Par Alexandre Fontaine Rousseau

Je me suis dit: « Je vais faire de Bande à part un petit film de série Z comme certains films américains que j'aime bien. » (Jean-Luc Godard)

Dans Une Femme est une femme, Jean-Paul Belmondo ne voulait pas rater À bout de souffle qui passait à la télé chez son pote Marcel. Ce faisant, il répondait à deux questions rhétoriques bizarroïdes mais fondamentales du septième art. Peut-on écouter un film de Godard dans un film de Godard et, dans le même ordre idée, Jean-Paul Belmondo peut-il voir un film mettant en vedette Jean-Paul Belmondo? Ce goût de la réflexion cinématographique et de la citation voire de l'auto-citation, est omniprésent dans tous les premiers films du plus moderne des réalisateurs de la Nouvelle Vague. C'est sans doute ce qui en fait l'un des auteurs fétiches des cinéastes cinéphiles actuels tels que Quentin Tarantino dont la boîte de production est d'ailleurs baptisée A Band Apart. La fameuse scène de danse qu'il avait orchestré dans Pulp Fiction est un clin d'oeil à celle, mémorable, que livre avec une splendide désinvolture le trio désemparé du plus culte des films de Godard.

Dès les premières minutes de Bande à part, le narrateur/réalisateur a déjà souligné à maintes reprises la nature fictive de son histoire. Il s'amuse à la résumer en mots clés, s'en détache le temps d'une parenthèse et va même jusqu'à s'adresser aux spectateurs qui seraient arrivés dans la salle de projection en retard. Comme Alphaville, le septième film de Jean-Luc Godard est un hommage iconoclaste au film de genre. Tout comme le Cosmo de Ben Gazzara dans le Killing of A Chinese Bookie de John Cassavetes, les personnages de Bande à part s'amusent à jouer les gangsters qu'ils ont vu dans des films américains dévorés pour passer le temps. Oeuvre de style ou si vous préférez film d'esthète, Bande à part s'amuse à jouer avec la notion d'une conscience du cinéma à l'intérieur du cinéma.
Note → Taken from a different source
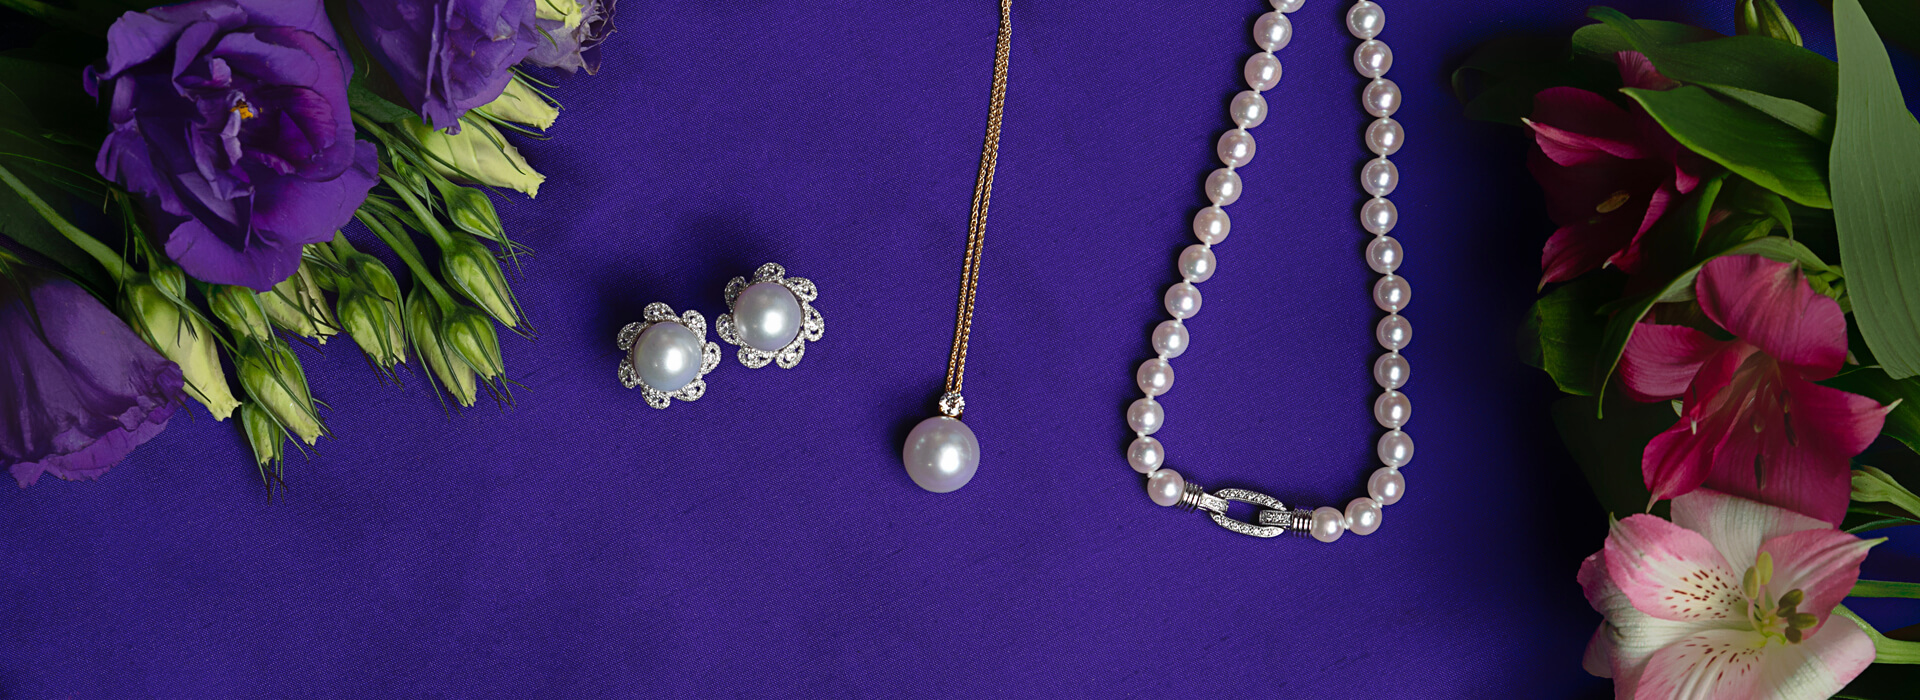 jewellery-pearl-

Ses héros imaginent la vie comme un film, échangeant constamment les répliques assassines d'un scénario vif et truffé de clins d'oeil qu'ils écrivent sur-le-champ, dans l'inspiration du moment.

Cependant, ce petit jeu formel n'empêche jamais Bande à part d'être un film fourmillant d'une énergique authenticité. Comme dans la vie, ces personnages se laissent aller et font un peu n'importe quoi. Ils se battent pour être assis sur la banquette au restaurant, imitent Charlie Chaplin pour passer le temps et se taquinent un peu n'importe comment. Le petit côté improvisé de la méthode Godard permet de qualifier sa réalisation de jazzée sans exploiter un cliché. Le cinéaste s'amuse avec ses comédiens et ses techniciens. Bande à part est le fruit d'un cerveau qui pétille et bouillonne sans s'imposer de contraintes, quitte à parfois rester brouillon. De quelle autre façon peut-on expliquer la minute de silence que déclarent les personnages et que le montage impose au spectateur? Ou alors l'argent filmé non pas comme un objet mais comme un personnage lorsque Odile le découvre.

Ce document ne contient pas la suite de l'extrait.